Activation of hepatic stellate cells in response to chronic inflammation represents a crucial step in the development of liver fibrosis. However, the molecules involved in the interaction between immune cells and stellate cells remain obscure. Herein, we identify the chemokine CCL5 (also known as RANTES), which is induced in murine and human liver after injury, as a central mediator of this interaction. First, we showed in patients with liver fibrosis that CCL5 haplotypes and intrahepatic CCL5 mRNA expression were associated with severe liver fibrosis. Consistent with this, we detected Ccl5 mRNA and CCL5 protein in 2 mouse models of liver fibrosis, induced by either injection of carbon tetrachloride (CCl4) or feeding on a methionine and choline–deficient (MCD) diet. In these models, Ccl5−/− mice exhibited decreased hepatic fibrosis, with reduced stellate cell activation and immune cell infiltration. Transplantation of Ccl5-deficient bone marrow into WT recipients attenuated liver fibrosis, identifying infiltrating hematopoietic cells as the main source of Ccl5. We then showed that treatment with the CCL5 receptor antagonist Met-CCL5 inhibited cultured stellate cell migration, proliferation, and chemokine and collagen secretion. Importantly, in vivo administration of Met-CCL5 greatly ameliorated liver fibrosis in mice and was able to accelerate fibrosis regression. Our results define a successful therapeutic approach to reduce experimental liver fibrosis by antagonizing Ccl5 receptors.

Comment

Chemokines and their G protein–coupled receptors are increasingly being recognized as crucial mediators in the pathology of chronic disease. Chemokines (chemotactic cytokines) control the movement of immune cells along a concentration gradient to the site of inflammation or tissue injury and are, therefore, intimately associated with the processes involved in wound healing. In chronic liver disease, resident hepatic cells secrete chemokines in response to tissue injury; subsequently, there is additional production by the resulting inflammatory infiltrate, which includes T cells, dendritic cells, and macrophages. Hepatic fibrosis is the result of an ongoing wound-healing response to a persistent hepatic insult. The resulting inflammatory response by the liver to this insult leads to the subsequent activation of hepatic stellate cells, which are responsible for the deposition of fibrillar collagens and the development of hepatic fibrosis and cirrhosis.

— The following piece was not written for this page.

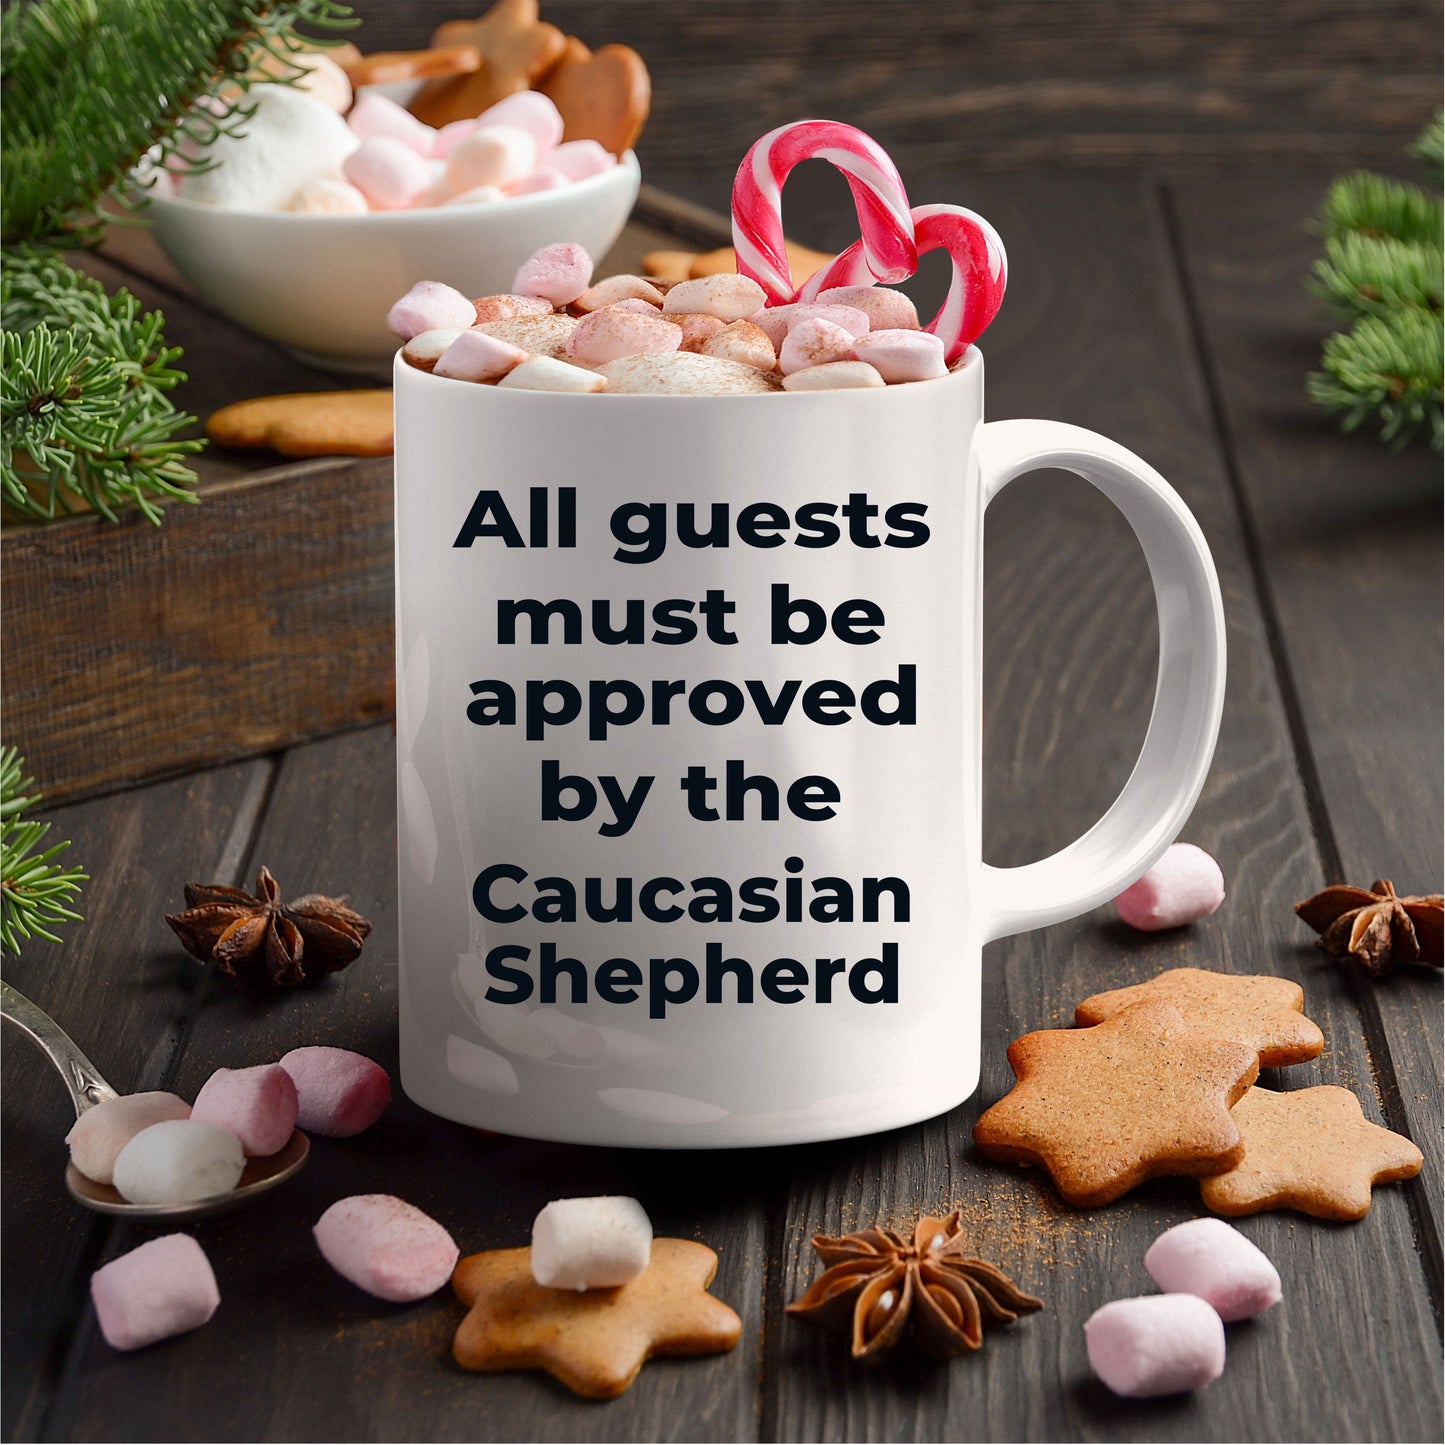 Caucasian Shepherd Dog Coffee Mug - All guests must be approved by the Caucasian Shepherd

A number of different chemokines, including the C-C motif (or CC) chemokines [monocyte chemotaxis protein 1 (MCP-1) or chemokine (C-C motif) ligand 2 (CCL2); macrophage inflammatory protein 1α (MIP-1α) or CCL3; MIP-1β or CCL4; regulated upon activation, normal T cell expressed, and secreted (RANTES) or CCL5; and eotaxin or CCL11] and the C-X-C motif (or CXC) chemokines [monokine induced by interferon-γ or chemokine (C-X-C motif) ligand 9 (CXCL9) and interferon-inducible protein 10 or CXCL10], have been implicated in the pathogenesis of chronic liver disease.1, 2 Likewise, a number of chemokine receptors, including chemokine (C-C motif) receptor 1 (CCR1), CCR2, CCR5, CCR7, and chemokine (C-X-C motif) receptor 3, have been shown to play crucial roles in the development of hepatic fibrosis. There is considerable redundancy within chemokine subfamilies,1 with many receptors being capable of binding more than one chemokine and with the same chemokine eliciting a response from more than one receptor (Fig. 1).

Figure 1.

CCL/CCR redundancy: human CCRs and their associated ligands. Selected seven-transmembrane–spanning, G protein–coupled CCRs (CCR1-CCR5) and multiple CC chemokines to which they bind are shown. Abbreviations: HCC, hemofiltrate CC chemokine; MDC, macrophage-derived chemokine; MPIF-1, myeloid progenitor inhibitory factor 1; TARC, thymus and activation regulated chemokine.

In a recent study, Berres et al.3 examined the role of the CC chemokine RANTES (also called CCL5) in the interaction between immune cells and hepatic stellate cells and thus in the development of hepatic fibrosis. They examined the expression of RANTES in both human chronic liver diseases (hepatitis C virus and nonalcoholic steatohepatitis) and murine models of hepatic fibrosis, and they demonstrated that T cells in the liver are a major source of RANTES. They then evaluated the effects of the genetic inactivation of RANTES on hepatic fibrosis in animal models of liver disease. Finally, they used the RANTES receptor antagonist Met-CCL5 to assess the effects on both hepatic stellate cell activation in vitro and the development (and treatment) of hepatic fibrosis in animal models of liver injury, and they demonstrated the inhibition of stellate cell activation and the accelerated regression of hepatic fibrosis. This study, therefore, describes the potential therapeutic utility of blocking the function of RANTES in the treatment of hepatic fibrosis.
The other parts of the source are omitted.